Naquele dia, em seu passeio, o cão a acompanhava. Tinham andado muito, a vila não mais podia ser vista. Já havia se descalçado, a grama irregular abraçava seus pés não-tão-delicados-assim. Quando deu por si, estava às portas do bosque de caça da nobreza e podia ver o enorme castelo que abrigava a corte, ao longe, no topo de uma colina. Cansada, recostou-se em um dos pinheiros frondosos que abriam o bosque e adormeceu, o calor do sol suave em seu rosto.
Acordou de sobressalto com os latidos do cão. Anoitecia, e o barulho de cascos no chão, razão dos latidos, tornava-se mais alto. Ouviu o sibilar de um tiro de arco e uma flecha encravar-se na madeira de uma árvore próxima.

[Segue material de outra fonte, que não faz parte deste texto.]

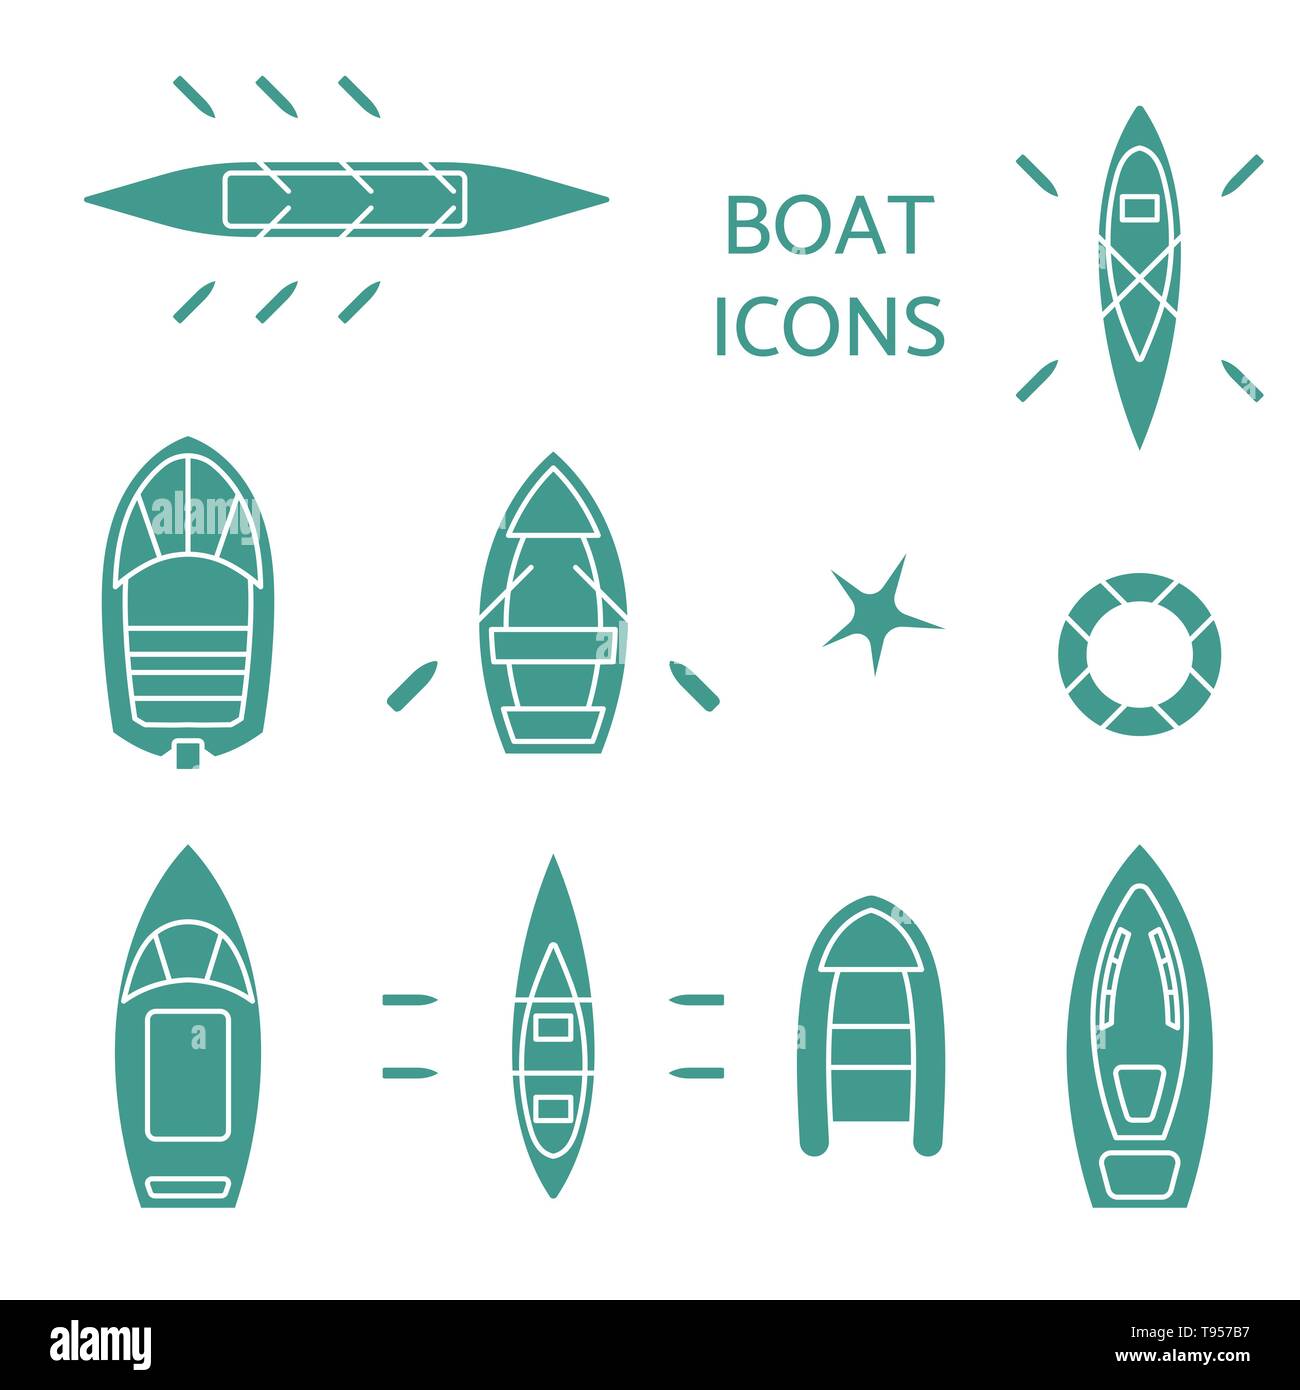 Boat icons set. Stock Vector

Quis correr, mas não conseguiu. Estava paralisada de medo, e curiosa sobre quem seria. O som continuava a se aproximar e, pouco tempo depois, ela pode vê-lo: um moço ricamente vestido e com ares de nobre diminuía o passo da égua castanha que montava. Realocou o arco no ombro e desmontou, intuindo recuperar a flecha perdida.
Magrelo soltou um meio latido e o jovem virou-se para ele. À visão da mão estendida, o cão trotou na direção do nobre. Ela seguiu o animal e, surpresa pela cena, soltou uma interjeição curta e aguda. Tapou a boca com ambas as mãos ao olhar confuso do moço.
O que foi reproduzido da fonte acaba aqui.